Alternatively I could try skipping the groupby and doing this directly on the original DataFrame. A solution that works this way would also be appreciated.

In summary, I would like a way to rewrite the above code that achieves the same thing, but as fast and space efficient as possible (scalable to extremely large datasets).

Answer 1

The fastest solution for strings2 I found was:

def cast_multiple_apply_approach(dfg):
    return dfg["B"].apply(pd.unique).map(len).map(repr) + "hello"

For strings2 the OP's method is quite slow:

import numpy as np
import pandas as pd

_rng = np.random.default_rng(123)

def setup(N):
    x = ["a", "a", "b", "b", "a"] * N
    _rng.shuffle(x)
    y = ["x", "y", "z", "w", "t"] * N
    _rng.shuffle(y)
    df = pd.DataFrame({"A": x, "B": y})

    groups = df.groupby("A")
    return [groups]


def original_poster_approach(dfg):
    return dfg["B"].apply(lambda x: str(len(np.unique(x))) + "hello")


def bracula_approach(dfg):
    return dfg["B"].apply(lambda x: f"{len(pd.unique(x))}hello")


def len_multiple_apply_approach(dfg):
    return dfg["B"].apply(pd.unique).map(len).astype("string") + "hello"


def npsize_multiple_apply_approach(dfg):
    return dfg["B"].apply(pd.unique).map(np.size).astype("string") + "hello"


def set_multiple_apply_approach(dfg):
    return dfg["B"].apply(set).map(len).astype("string") + "hello"


def cast_multiple_apply_approach(dfg):
    return dfg["B"].apply(pd.unique).map(len).map(repr) + "hello"


approaches = [
    original_poster_approach,
    bracula_approach,
    len_multiple_apply_approach,
    npsize_multiple_apply_approach,
    set_multiple_apply_approach,
    cast_multiple_apply_approach,
]
for approach in approaches[1:]:
    data = setup(100)
    assert (approach(*data) == approaches[0](*data)).all()

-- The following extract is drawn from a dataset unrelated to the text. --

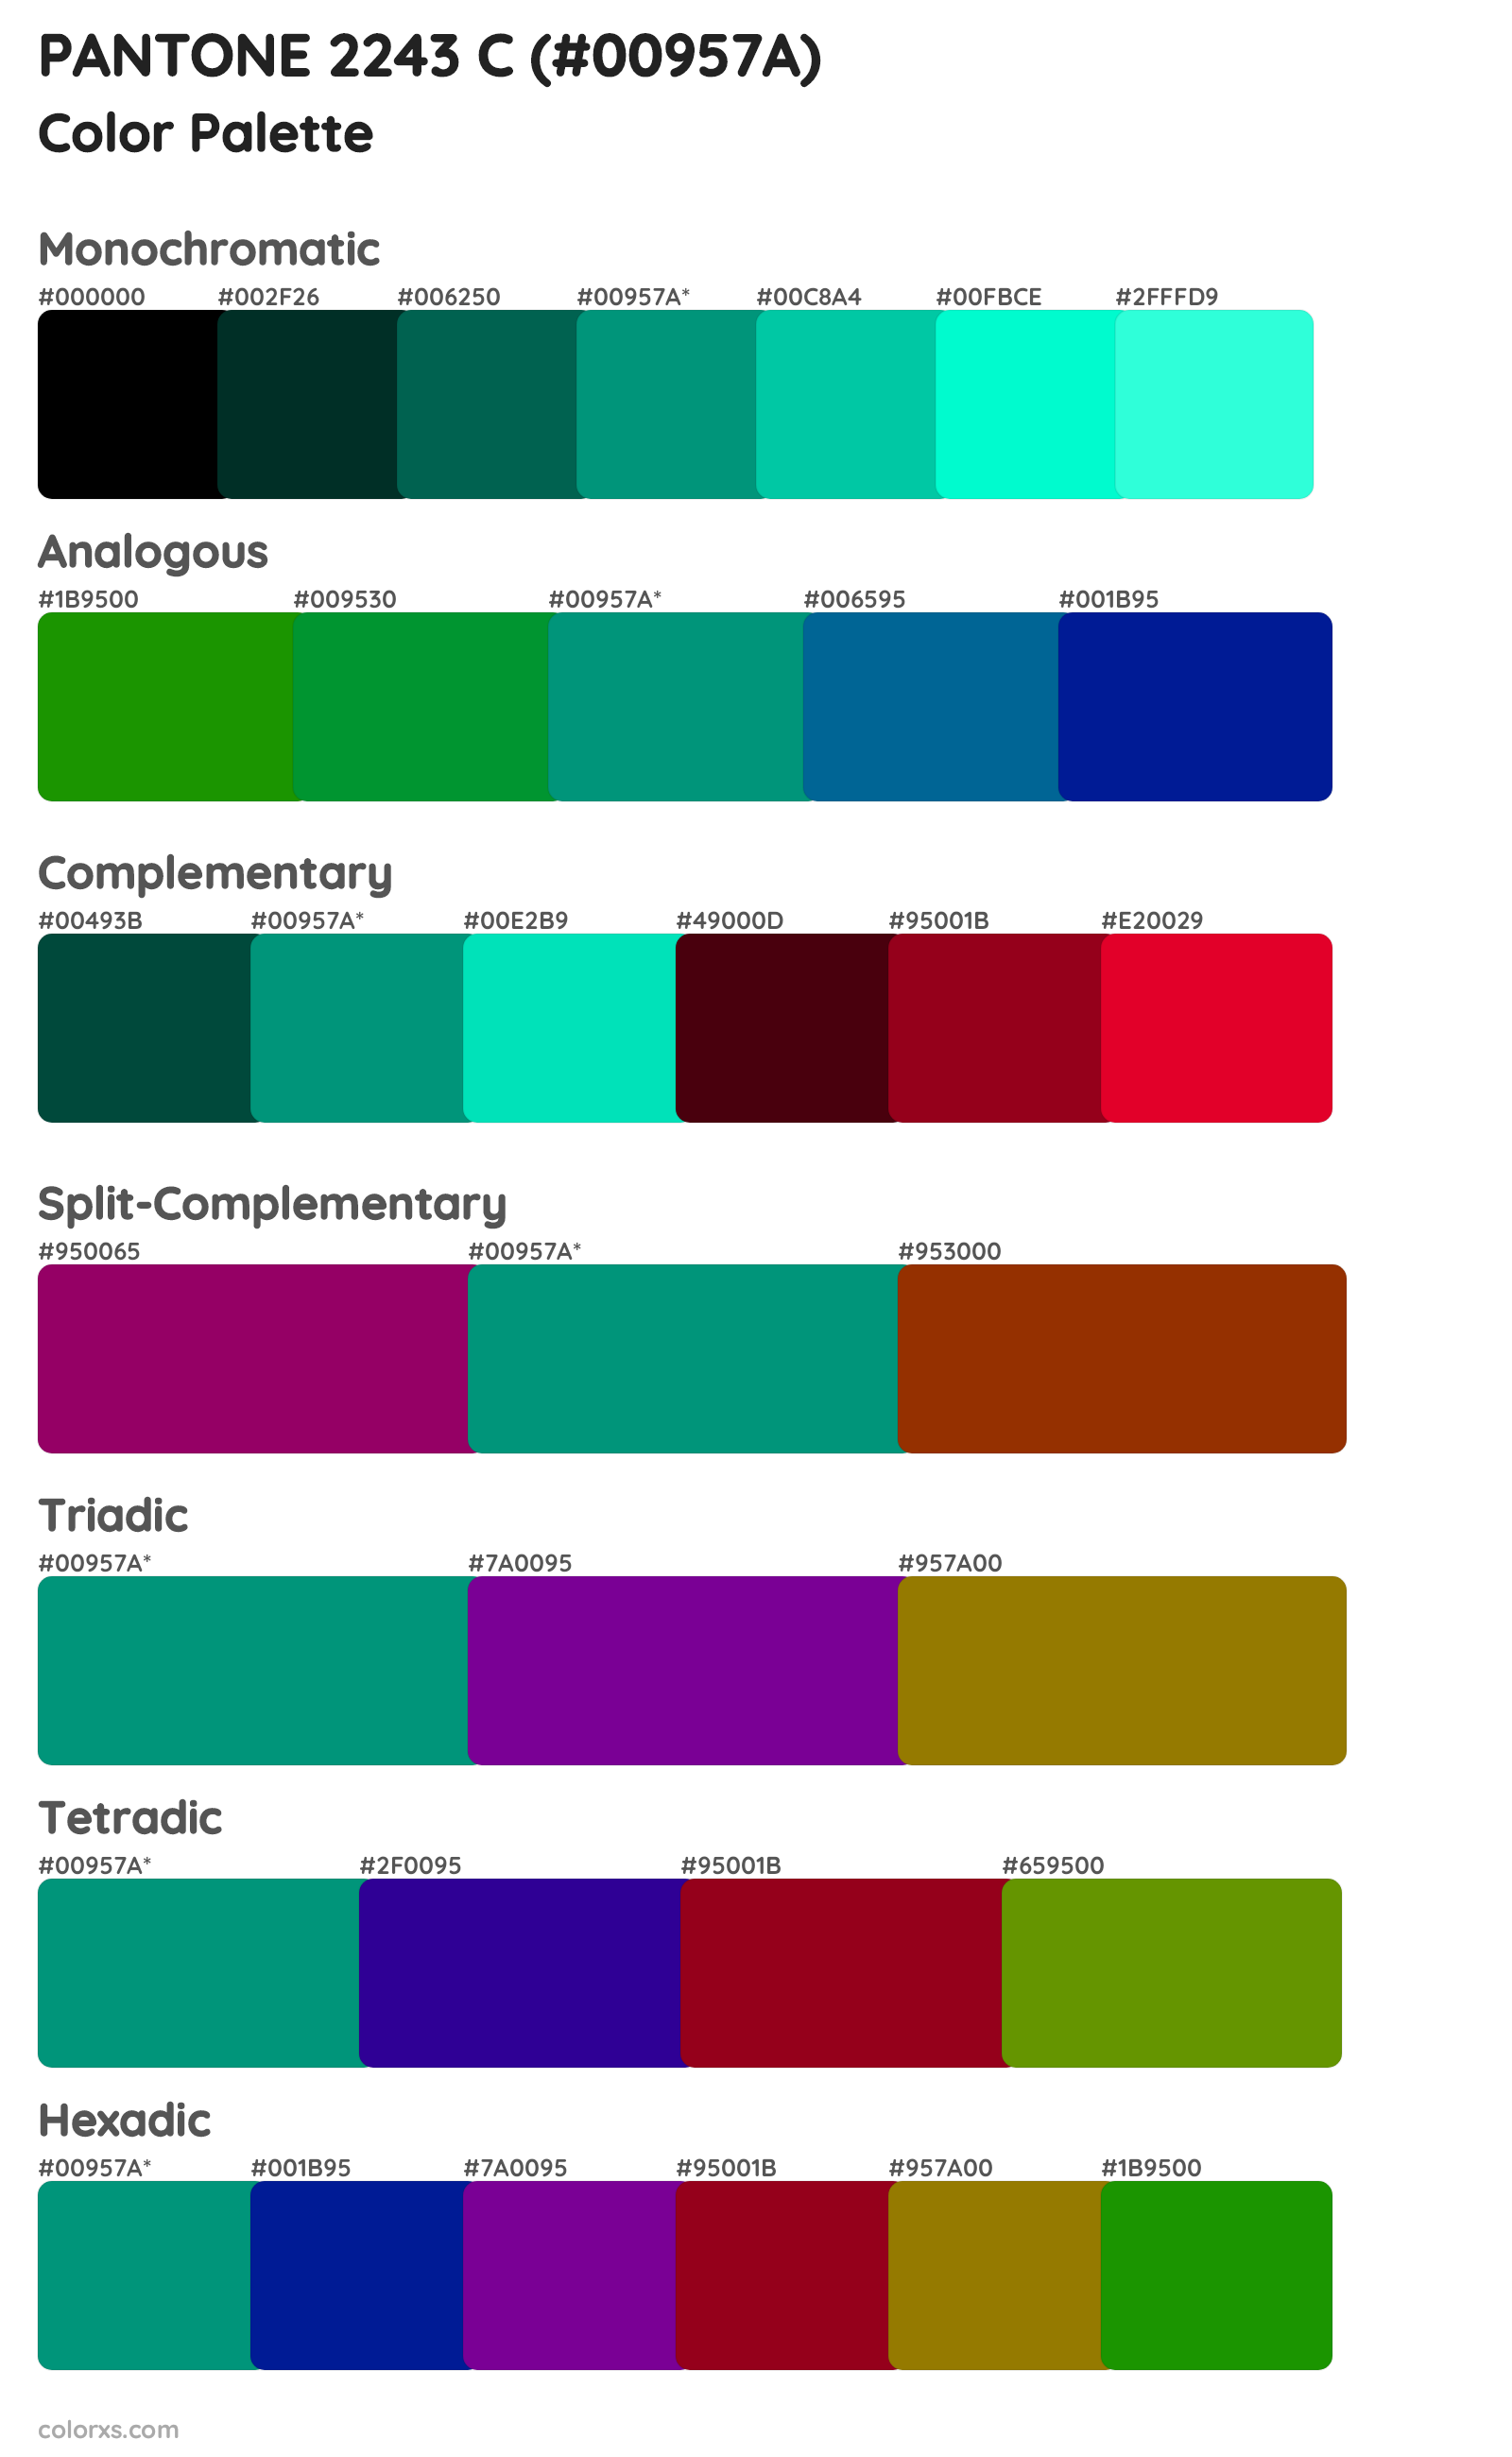 PANTONE 2243 C Color Scheme Palettes

run_performance_comparison(
    approaches,
    [
        1000,
        3000,
        5000,
        10000,
        30000,
        100_000,
    ],  # ,300_000,500_000,1_000_000],#3_000_000,5_000_000,10_000_000],
    setup=setup,
    title="Performance Comparison",
    number_of_repetitions=1,
)

Therefore I excluded it from running on a large sample:

For strings, I was surprised to find that:

• OP's method is actually really hard to beat
• Sorting beforehand is terrible

I could improve a little on OP's solution by using native pd.Series.str.join over the joining in pure Python:

def pandas_str_accessor_approach(df):
    return df.groupby("A")["B"].apply(sorted).str.join(" ")

def setup(N):
    x = ["a", "a", "b", "b", "a"] * N
    _rng.shuffle(x)
    y = ["x", "y", "z", "w", "t"] * N
    _rng.shuffle(y)
    df = pd.DataFrame({"A": x, "B": y})
    return [df]


def original_poster_approach(df):
    return df.groupby("A")["B"].apply(lambda x: "".join(sorted(x.values + " ")))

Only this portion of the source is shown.